INFORMATION PROVIDED:

◆ ◆ ◆ ◆

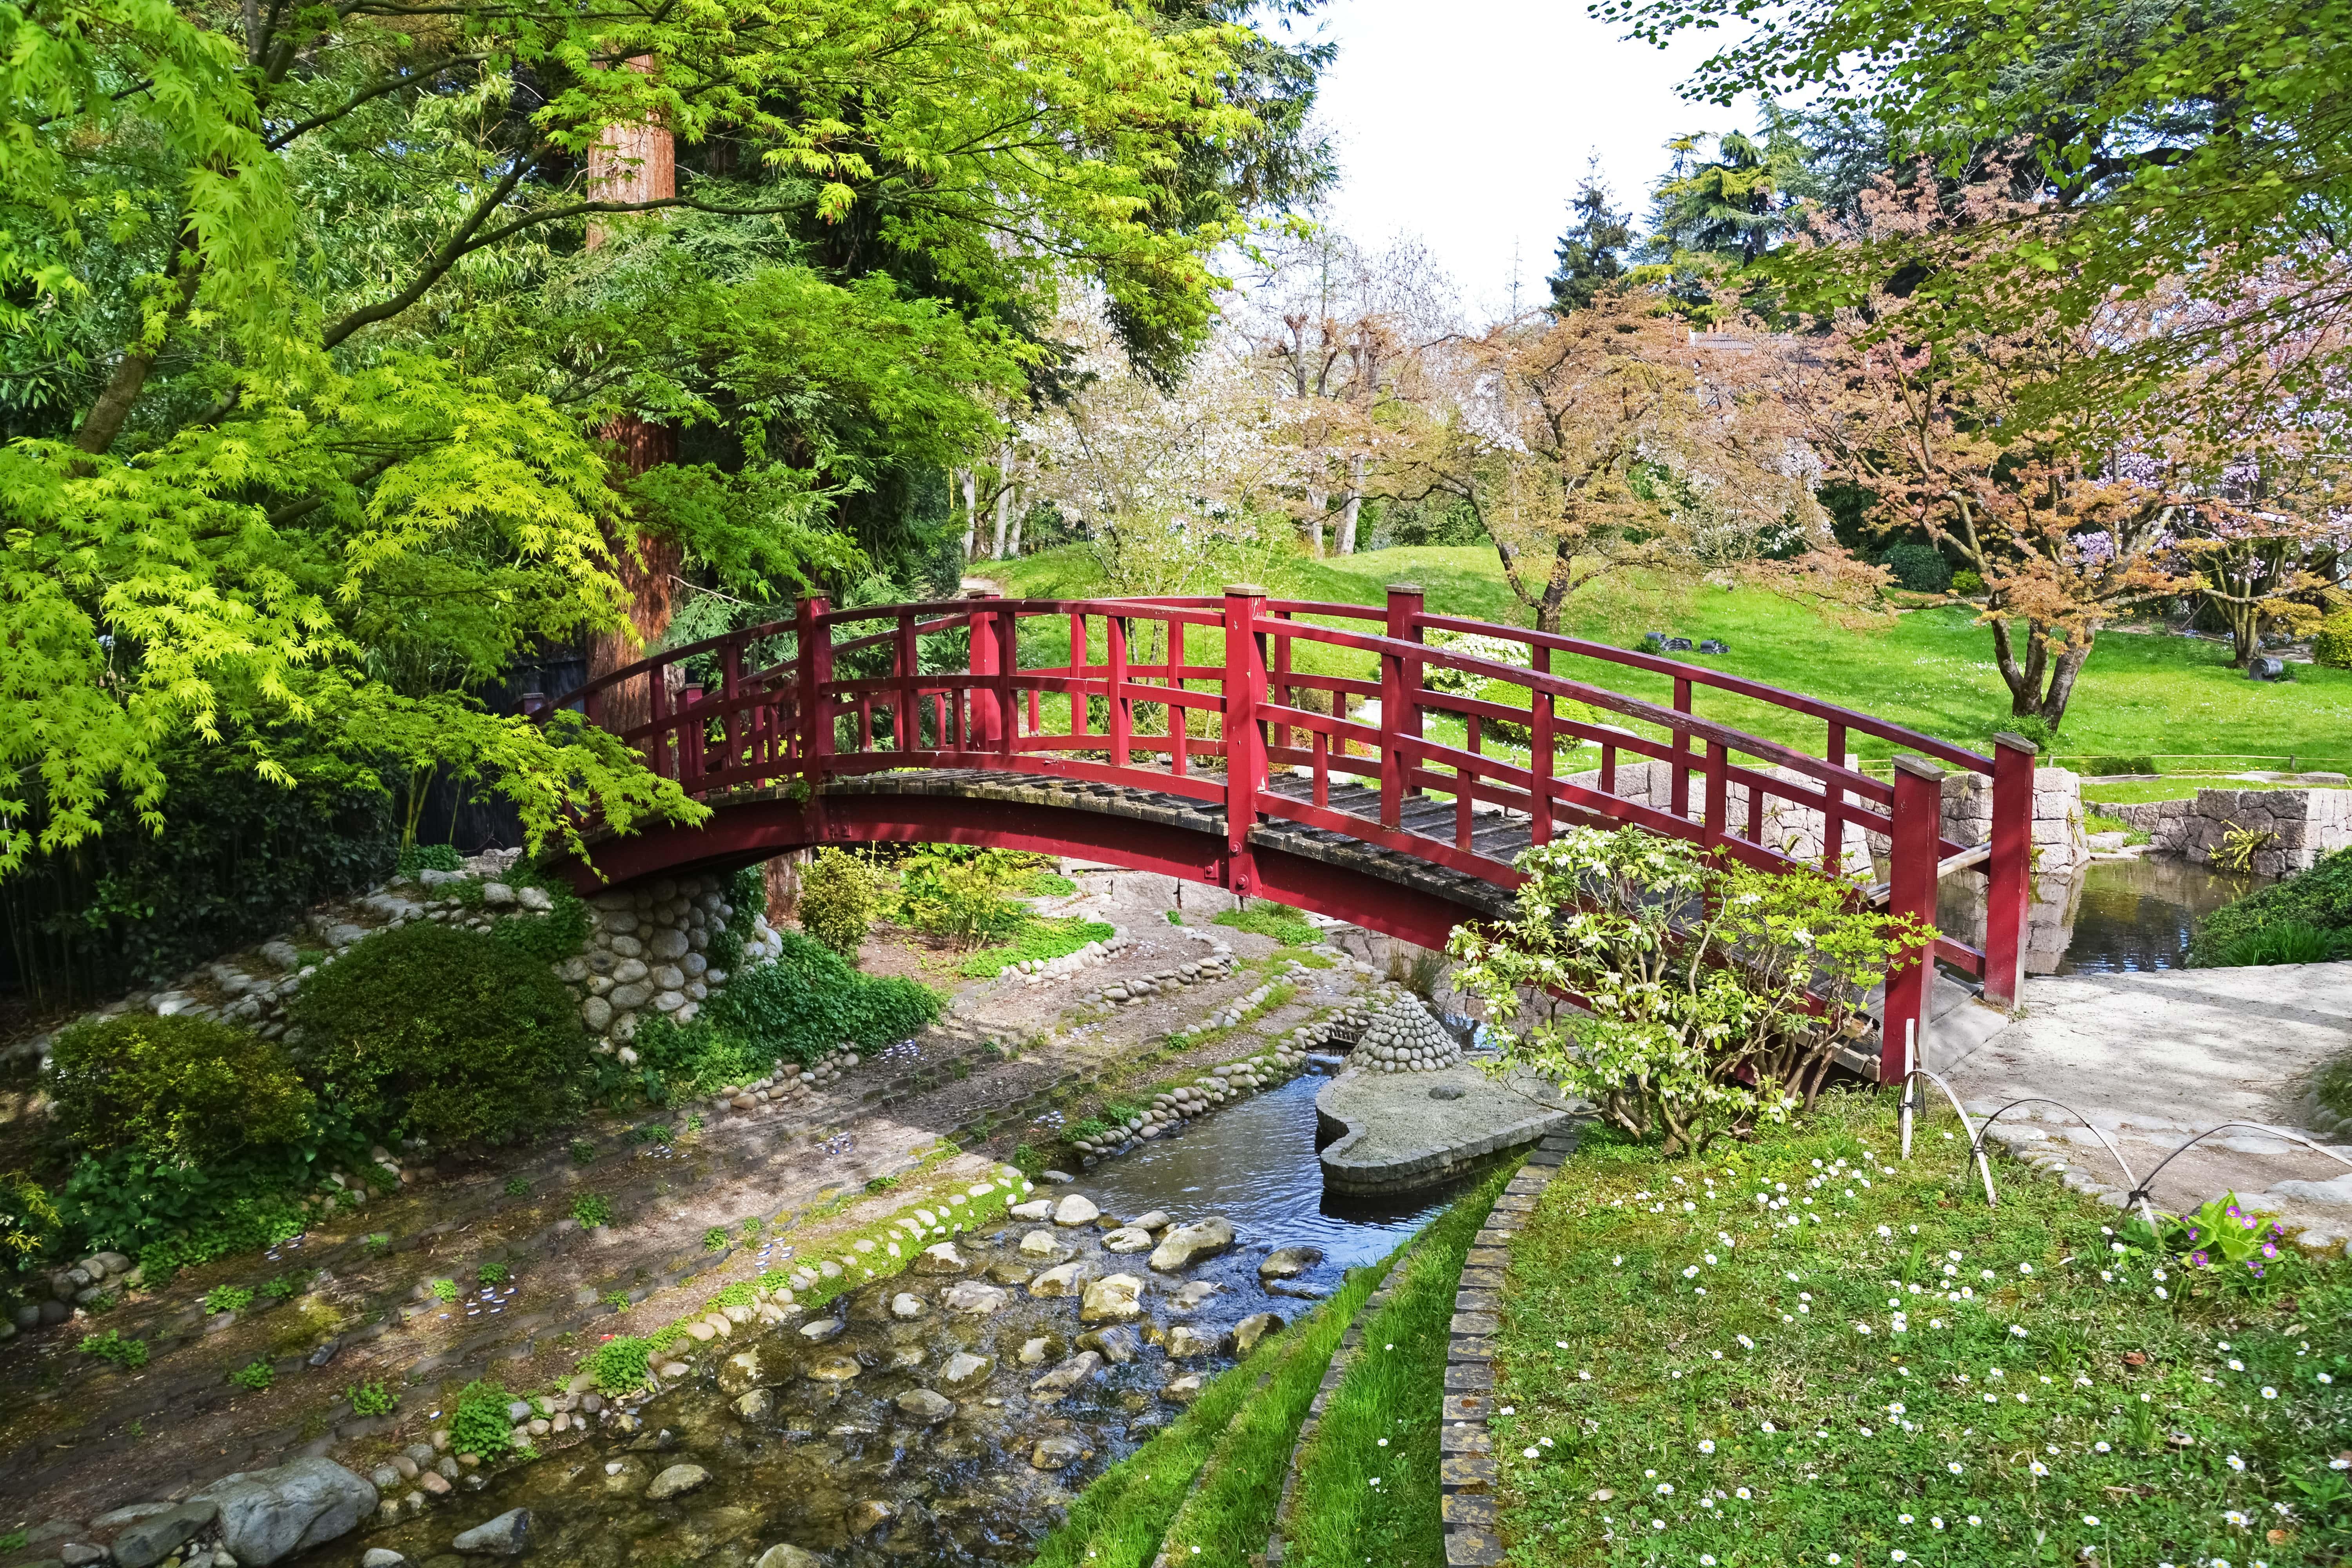 A short red bridge over a shallow stream with bright green grass and leafy trees in the landscape
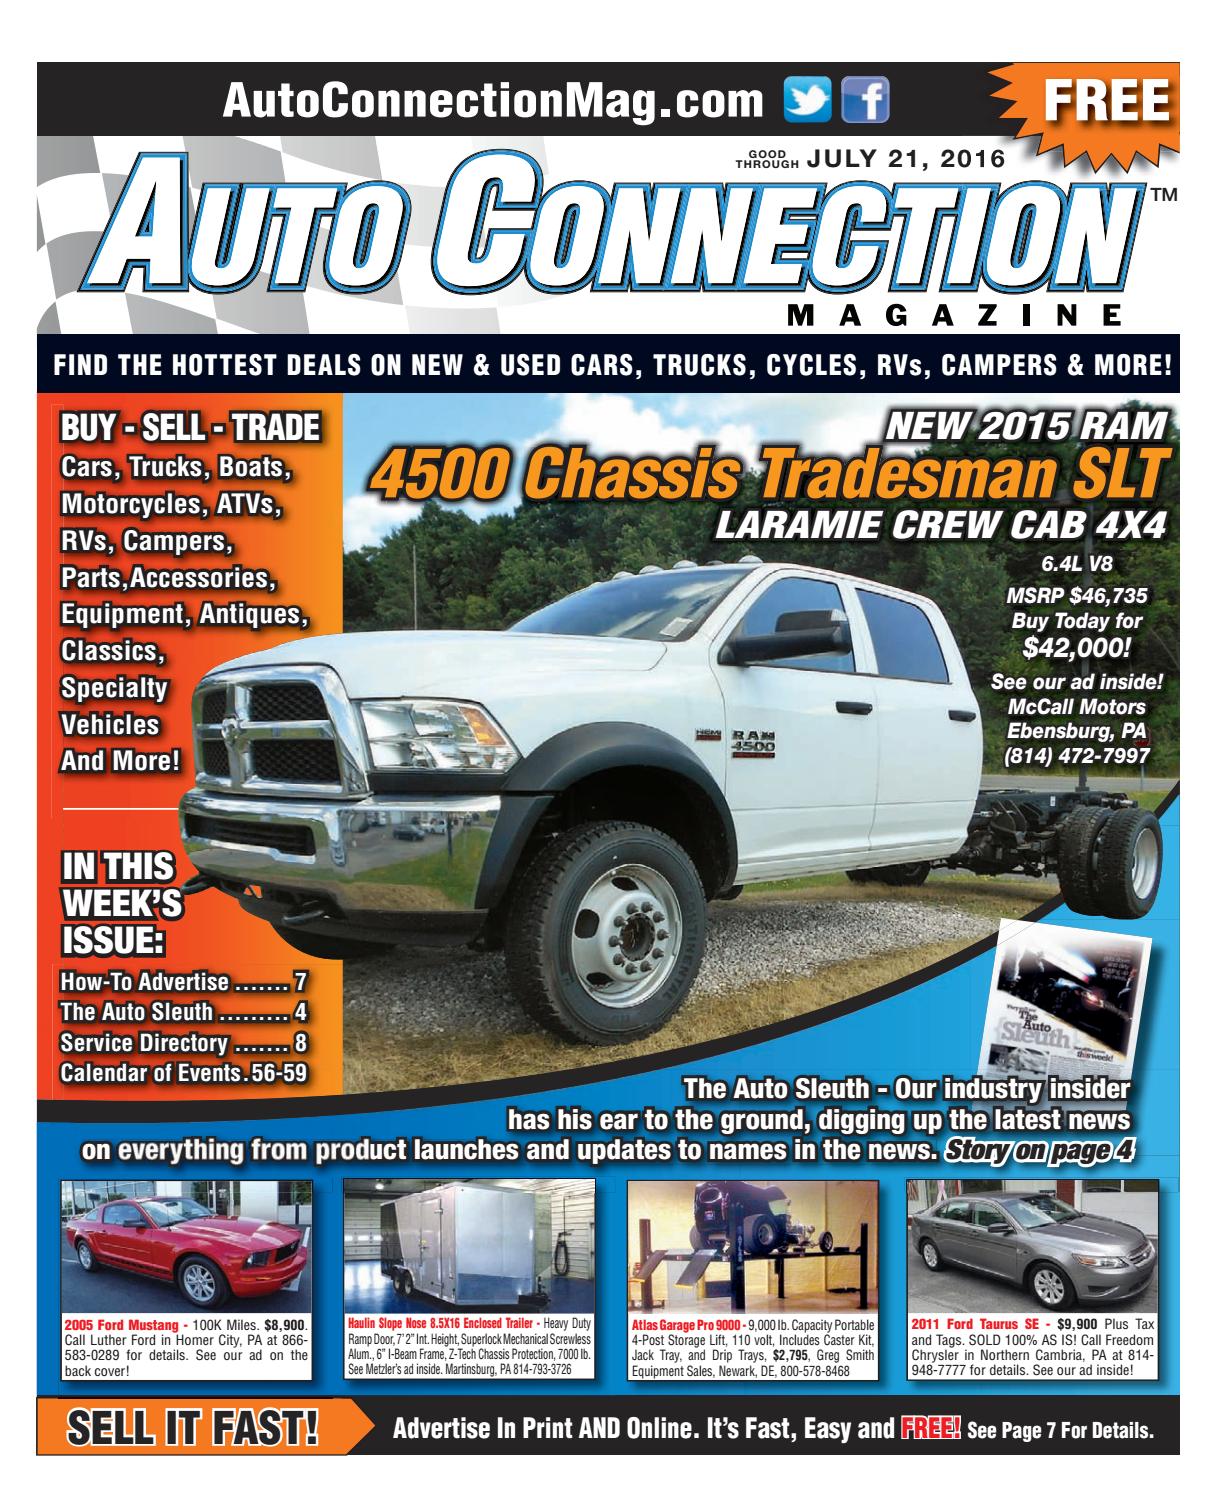 Outdoor Fireplace Kits Under $1000 Lovely 07 21 16 Auto Connection Magazine by Auto Connection
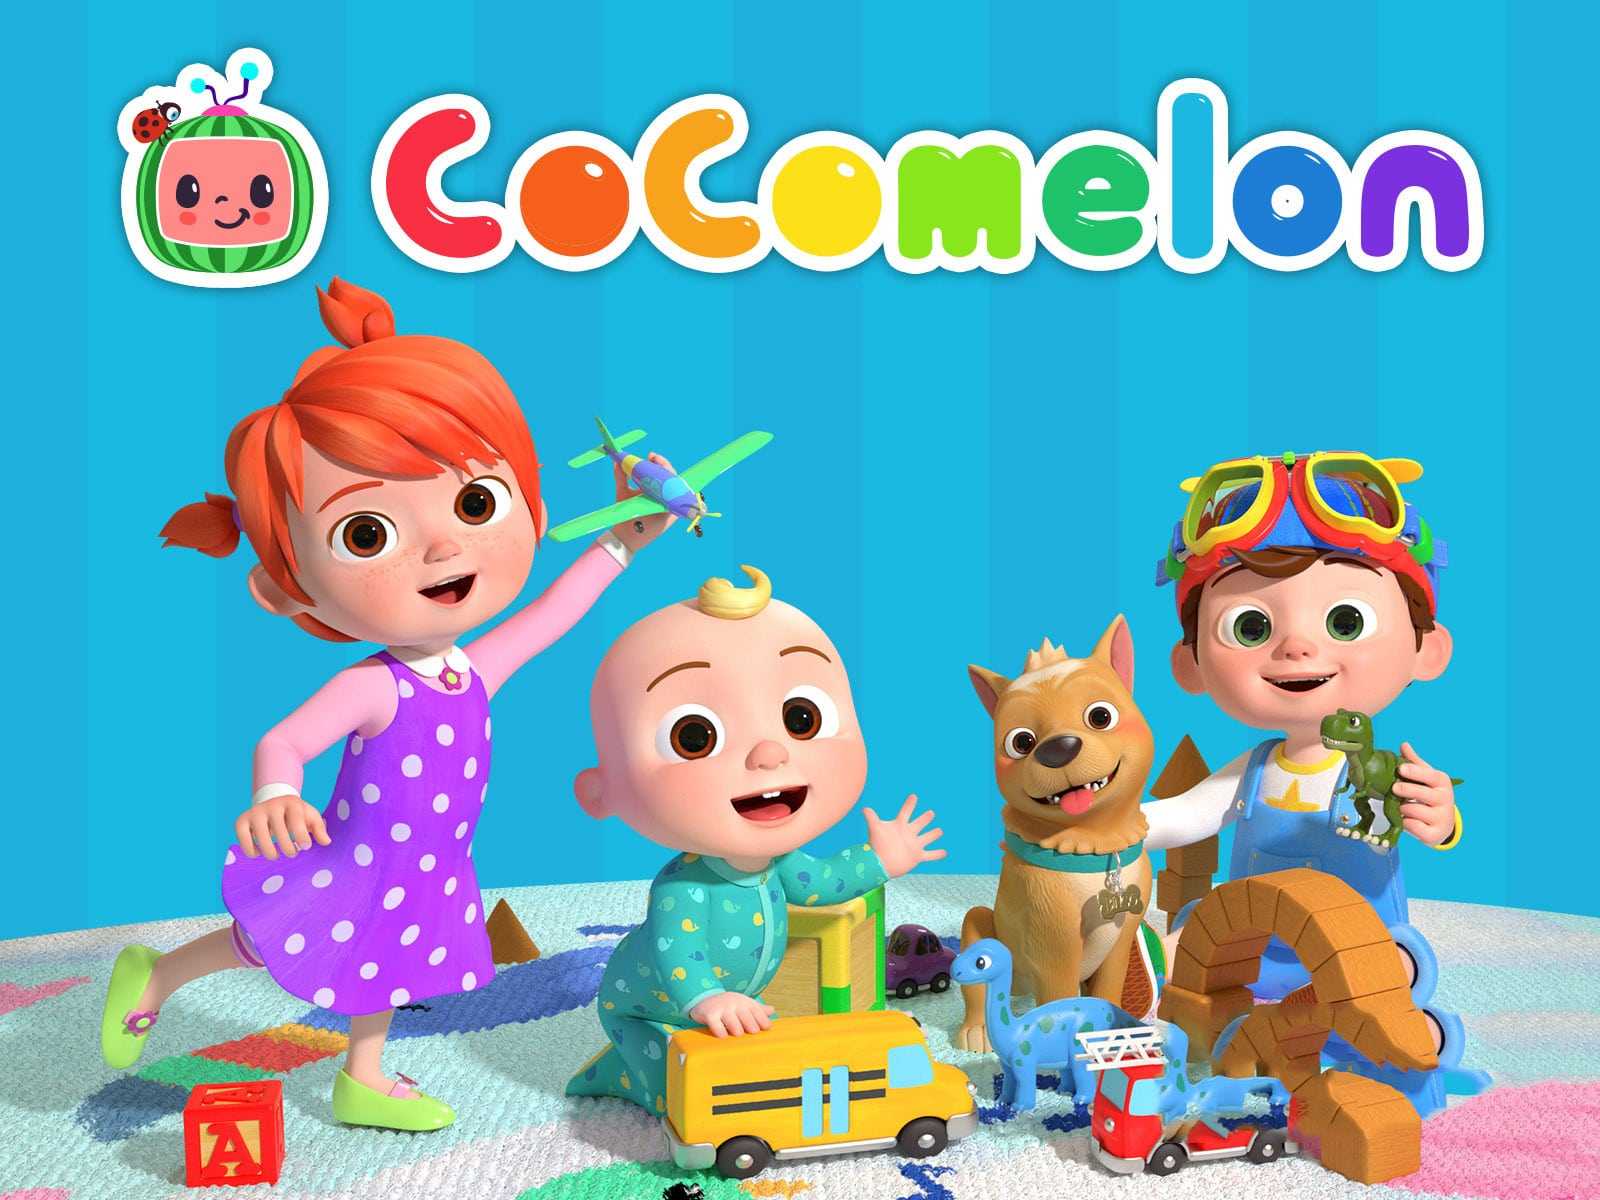 Cocomelon Wallpapers.

◆ ◆ ◆ ◆

EXERCISE DIRECTIONS: Beginning with the line containing "Outdoor Fireplace Kits" and ending with the last line of the data above, repeat each line exactly. Include no pictures and no other lines.

TASK RESULT:
 Outdoor Fireplace Kits Under $1000 Lovely 07 21 16 Auto Connection Magazine by Auto Connection
 Cocomelon Wallpapers.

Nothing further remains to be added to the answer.